# PROBLEM DESCRIPTION
A word-for-word copy of the listing is what's needed; leave out every image.

# DATA PROVIDED
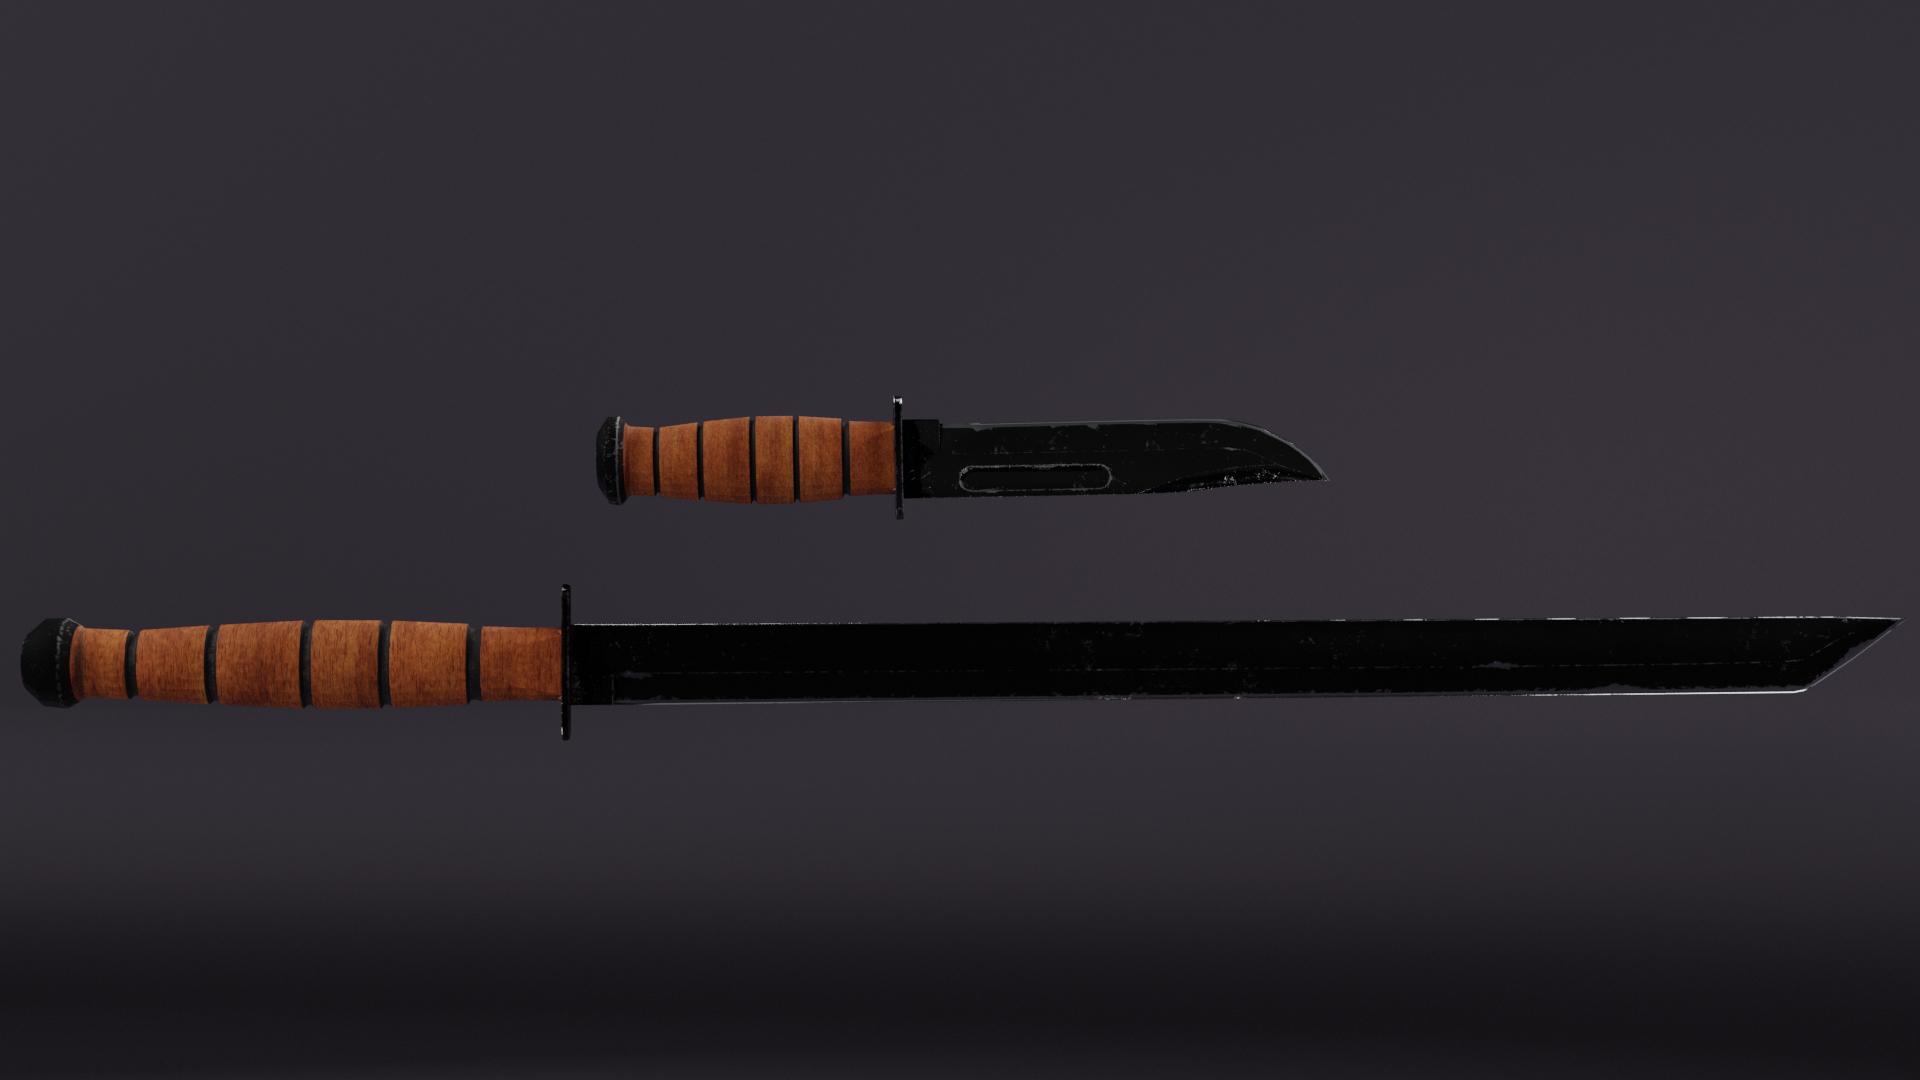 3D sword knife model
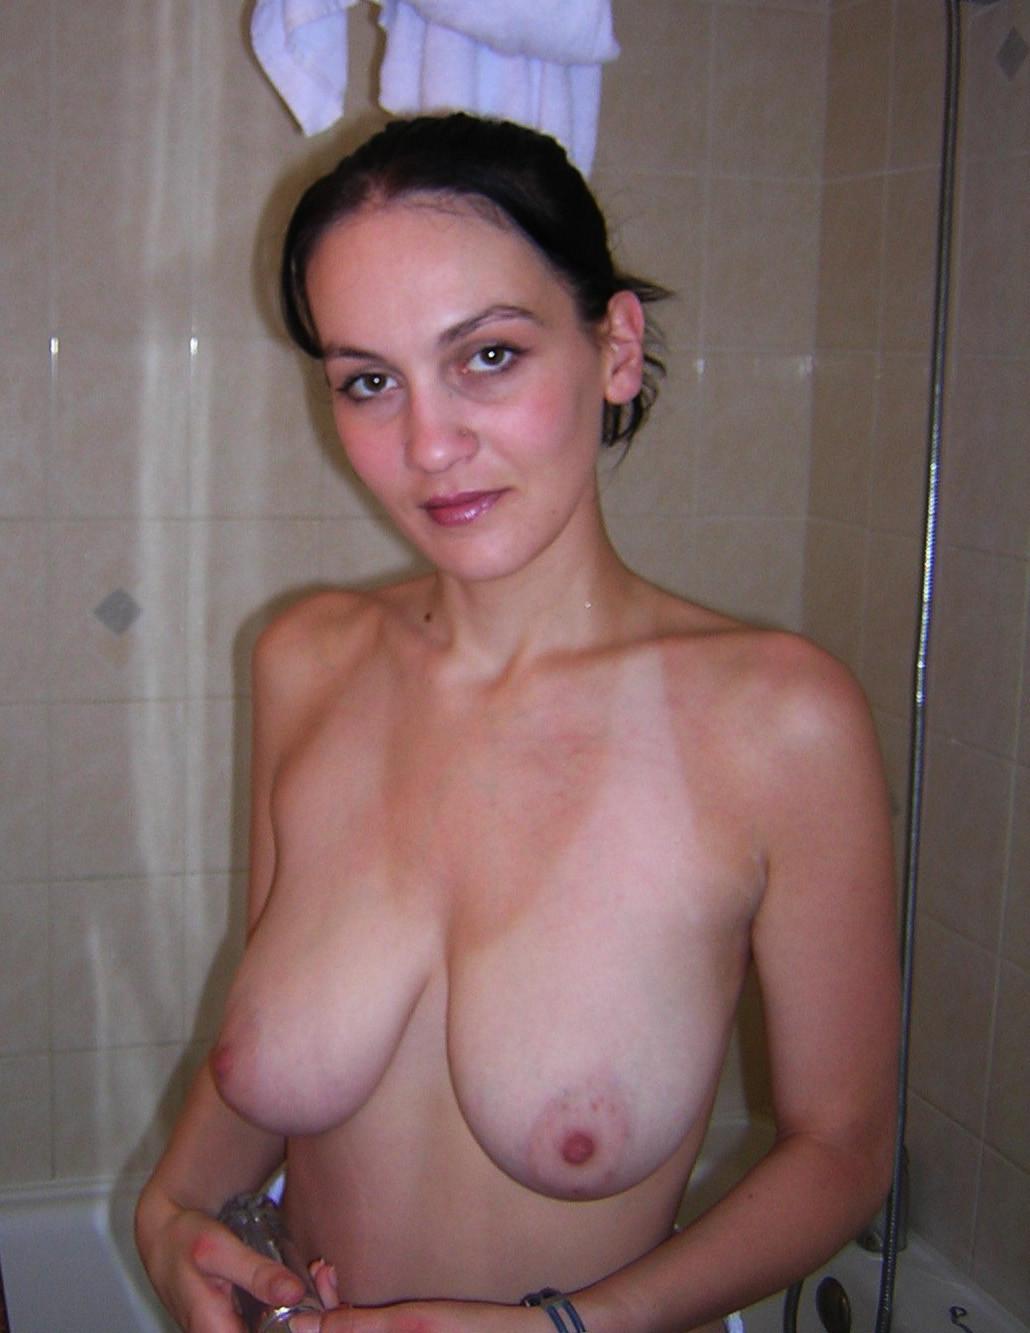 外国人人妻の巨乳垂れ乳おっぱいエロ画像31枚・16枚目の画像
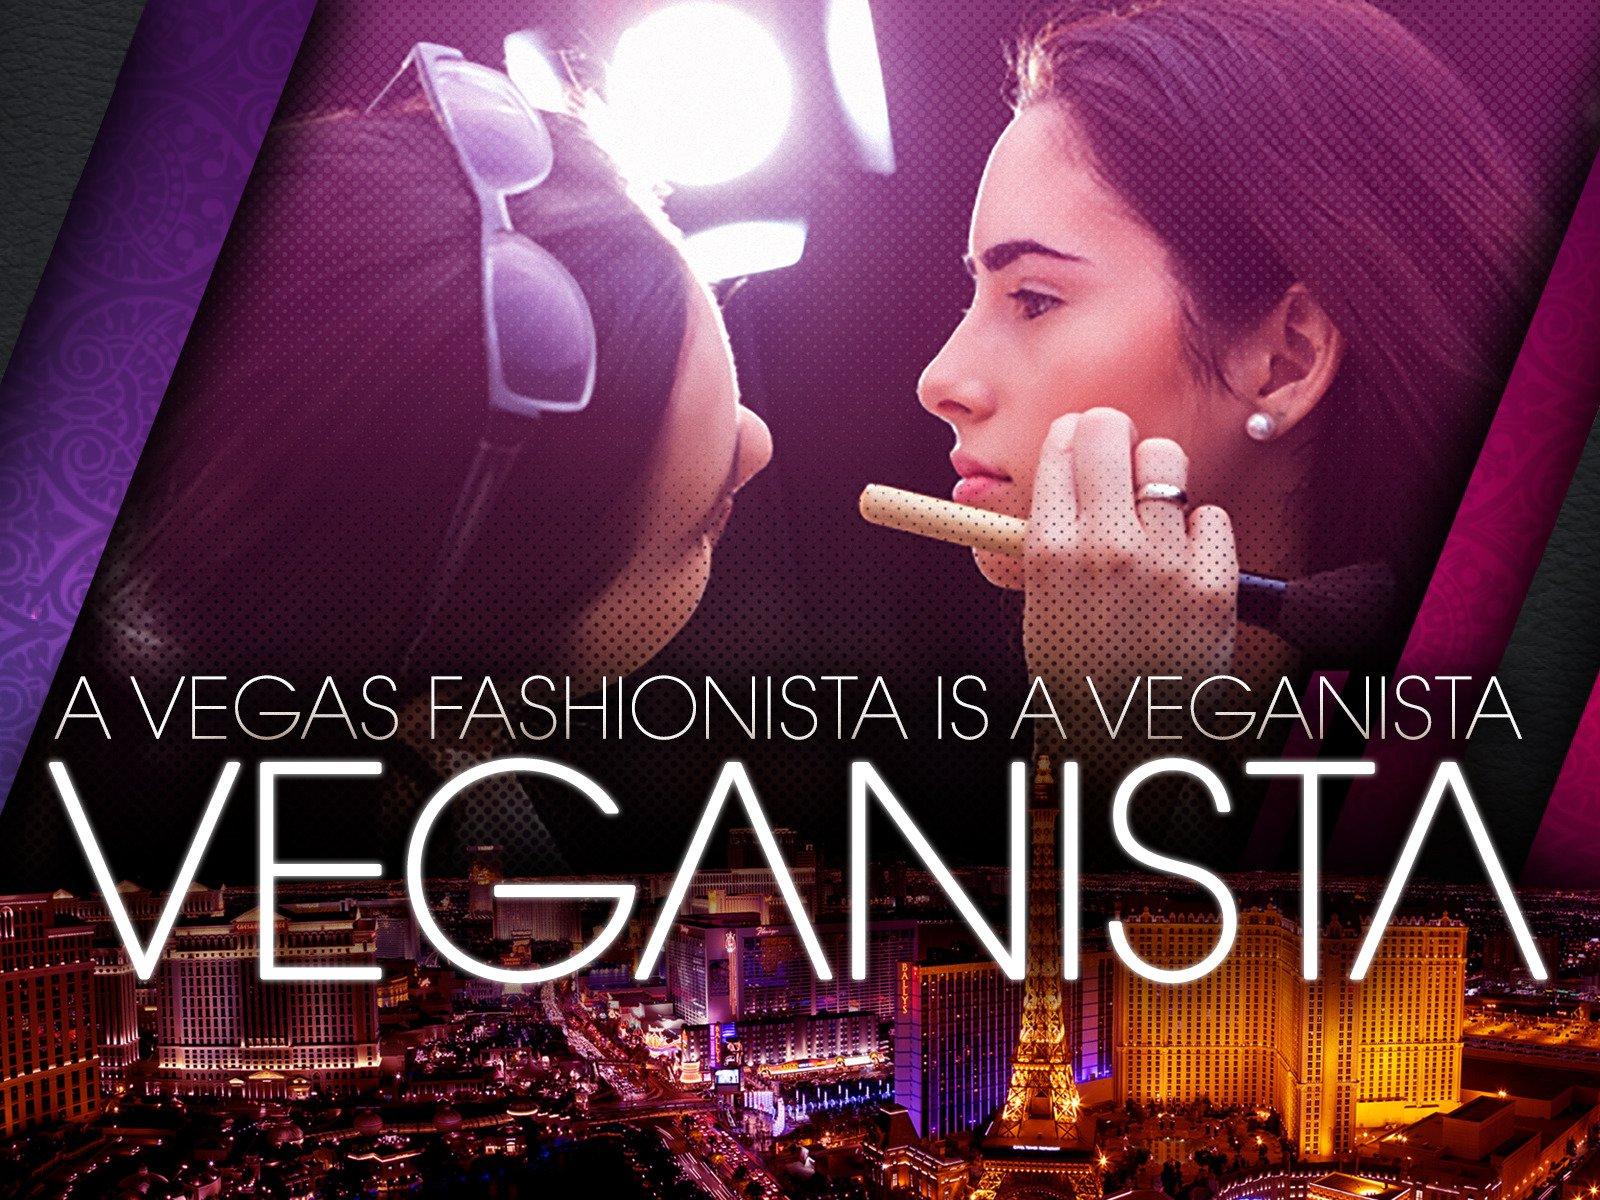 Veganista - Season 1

# ANSWER SPACE
 3D sword knife model
 外国人人妻の巨乳垂れ乳おっぱいエロ画像31枚・16枚目の画像
 Veganista - Season 1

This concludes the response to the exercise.